Content starts
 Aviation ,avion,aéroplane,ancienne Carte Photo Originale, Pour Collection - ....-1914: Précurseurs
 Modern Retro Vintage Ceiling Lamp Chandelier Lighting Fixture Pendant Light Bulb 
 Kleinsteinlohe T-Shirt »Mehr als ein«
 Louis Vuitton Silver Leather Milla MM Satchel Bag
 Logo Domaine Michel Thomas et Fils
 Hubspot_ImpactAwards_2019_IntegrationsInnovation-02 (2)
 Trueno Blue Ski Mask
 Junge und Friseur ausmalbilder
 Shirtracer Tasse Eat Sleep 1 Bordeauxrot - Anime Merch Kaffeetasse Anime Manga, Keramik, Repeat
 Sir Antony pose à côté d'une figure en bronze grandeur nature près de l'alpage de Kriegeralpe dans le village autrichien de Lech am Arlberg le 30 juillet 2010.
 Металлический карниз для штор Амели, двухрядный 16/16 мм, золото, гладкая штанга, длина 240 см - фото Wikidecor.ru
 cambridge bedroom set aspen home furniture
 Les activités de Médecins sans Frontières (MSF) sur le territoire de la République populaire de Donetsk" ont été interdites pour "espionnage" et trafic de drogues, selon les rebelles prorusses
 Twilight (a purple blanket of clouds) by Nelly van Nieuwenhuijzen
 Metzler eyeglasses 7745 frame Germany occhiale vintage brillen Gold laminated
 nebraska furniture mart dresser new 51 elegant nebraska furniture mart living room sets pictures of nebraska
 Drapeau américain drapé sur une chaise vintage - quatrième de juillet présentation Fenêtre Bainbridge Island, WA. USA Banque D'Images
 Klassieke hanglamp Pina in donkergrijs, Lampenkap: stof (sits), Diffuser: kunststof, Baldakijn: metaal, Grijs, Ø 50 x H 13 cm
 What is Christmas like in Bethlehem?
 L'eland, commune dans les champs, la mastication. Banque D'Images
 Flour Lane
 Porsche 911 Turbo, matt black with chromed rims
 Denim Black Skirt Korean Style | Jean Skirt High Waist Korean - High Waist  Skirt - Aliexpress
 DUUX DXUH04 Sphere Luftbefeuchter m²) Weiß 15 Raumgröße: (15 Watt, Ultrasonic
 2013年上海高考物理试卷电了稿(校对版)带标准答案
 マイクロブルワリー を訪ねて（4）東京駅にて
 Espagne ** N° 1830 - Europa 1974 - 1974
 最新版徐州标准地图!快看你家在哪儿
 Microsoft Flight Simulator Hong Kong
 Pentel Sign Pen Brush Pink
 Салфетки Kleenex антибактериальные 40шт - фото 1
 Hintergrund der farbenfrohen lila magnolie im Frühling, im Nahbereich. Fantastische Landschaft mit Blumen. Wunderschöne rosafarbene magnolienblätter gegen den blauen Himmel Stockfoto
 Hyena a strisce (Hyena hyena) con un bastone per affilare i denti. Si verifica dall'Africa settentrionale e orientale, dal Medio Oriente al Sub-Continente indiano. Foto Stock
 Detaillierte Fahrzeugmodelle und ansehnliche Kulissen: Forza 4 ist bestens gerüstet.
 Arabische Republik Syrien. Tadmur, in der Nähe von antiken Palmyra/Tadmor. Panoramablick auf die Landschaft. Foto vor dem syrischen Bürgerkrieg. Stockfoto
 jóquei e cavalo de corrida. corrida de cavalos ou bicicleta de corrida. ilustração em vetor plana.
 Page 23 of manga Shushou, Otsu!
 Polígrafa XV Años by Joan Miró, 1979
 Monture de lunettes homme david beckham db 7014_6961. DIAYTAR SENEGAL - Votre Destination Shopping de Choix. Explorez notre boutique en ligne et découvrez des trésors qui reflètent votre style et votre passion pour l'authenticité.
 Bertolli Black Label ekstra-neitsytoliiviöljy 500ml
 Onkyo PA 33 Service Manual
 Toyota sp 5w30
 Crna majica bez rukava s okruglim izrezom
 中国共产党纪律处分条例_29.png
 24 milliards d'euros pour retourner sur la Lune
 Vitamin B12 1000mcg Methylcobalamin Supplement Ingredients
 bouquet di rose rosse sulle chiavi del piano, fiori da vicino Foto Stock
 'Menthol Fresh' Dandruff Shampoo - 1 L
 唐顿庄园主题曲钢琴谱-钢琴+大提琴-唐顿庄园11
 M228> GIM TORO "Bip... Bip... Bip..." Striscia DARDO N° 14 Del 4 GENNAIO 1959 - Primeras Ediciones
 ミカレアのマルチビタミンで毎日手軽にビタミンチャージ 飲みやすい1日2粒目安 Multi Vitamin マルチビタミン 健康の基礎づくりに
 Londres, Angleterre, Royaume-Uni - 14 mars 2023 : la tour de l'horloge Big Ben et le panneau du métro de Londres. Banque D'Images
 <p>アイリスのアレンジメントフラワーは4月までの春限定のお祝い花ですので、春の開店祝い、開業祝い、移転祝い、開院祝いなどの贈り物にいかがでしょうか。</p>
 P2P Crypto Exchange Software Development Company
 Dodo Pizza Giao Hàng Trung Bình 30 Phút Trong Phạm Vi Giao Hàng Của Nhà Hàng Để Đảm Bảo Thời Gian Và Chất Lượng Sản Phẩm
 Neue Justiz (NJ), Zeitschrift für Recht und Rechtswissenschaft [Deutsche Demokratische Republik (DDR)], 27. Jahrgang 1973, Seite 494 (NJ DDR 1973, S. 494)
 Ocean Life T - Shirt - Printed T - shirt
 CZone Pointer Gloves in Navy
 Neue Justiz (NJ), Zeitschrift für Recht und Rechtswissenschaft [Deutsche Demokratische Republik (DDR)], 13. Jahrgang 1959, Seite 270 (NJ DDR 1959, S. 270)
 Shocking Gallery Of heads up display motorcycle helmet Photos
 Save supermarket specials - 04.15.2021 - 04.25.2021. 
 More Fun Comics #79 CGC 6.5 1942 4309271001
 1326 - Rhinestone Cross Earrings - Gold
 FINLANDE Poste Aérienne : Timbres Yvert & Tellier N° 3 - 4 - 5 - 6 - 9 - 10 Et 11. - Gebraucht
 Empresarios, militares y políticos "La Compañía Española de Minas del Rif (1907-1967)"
Content ends
TASK ITEM. Word for word, reproduce the lines of the listing from the first one through the line containing "Twilight (a purple", and no more.

SOLUTION.
 Aviation ,avion,aéroplane,ancienne Carte Photo Originale, Pour Collection - ....-1914: Précurseurs
 Modern Retro Vintage Ceiling Lamp Chandelier Lighting Fixture Pendant Light Bulb 
 Kleinsteinlohe T-Shirt »Mehr als ein«
 Louis Vuitton Silver Leather Milla MM Satchel Bag
 Logo Domaine Michel Thomas et Fils
 Hubspot_ImpactAwards_2019_IntegrationsInnovation-02 (2)
 Trueno Blue Ski Mask
 Junge und Friseur ausmalbilder
 Shirtracer Tasse Eat Sleep 1 Bordeauxrot - Anime Merch Kaffeetasse Anime Manga, Keramik, Repeat
 Sir Antony pose à côté d'une figure en bronze grandeur nature près de l'alpage de Kriegeralpe dans le village autrichien de Lech am Arlberg le 30 juillet 2010.
 Металлический карниз для штор Амели, двухрядный 16/16 мм, золото, гладкая штанга, длина 240 см - фото Wikidecor.ru
 cambridge bedroom set aspen home furniture
 Les activités de Médecins sans Frontières (MSF) sur le territoire de la République populaire de Donetsk" ont été interdites pour "espionnage" et trafic de drogues, selon les rebelles prorusses
 Twilight (a purple blanket of clouds) by Nelly van Nieuwenhuijzen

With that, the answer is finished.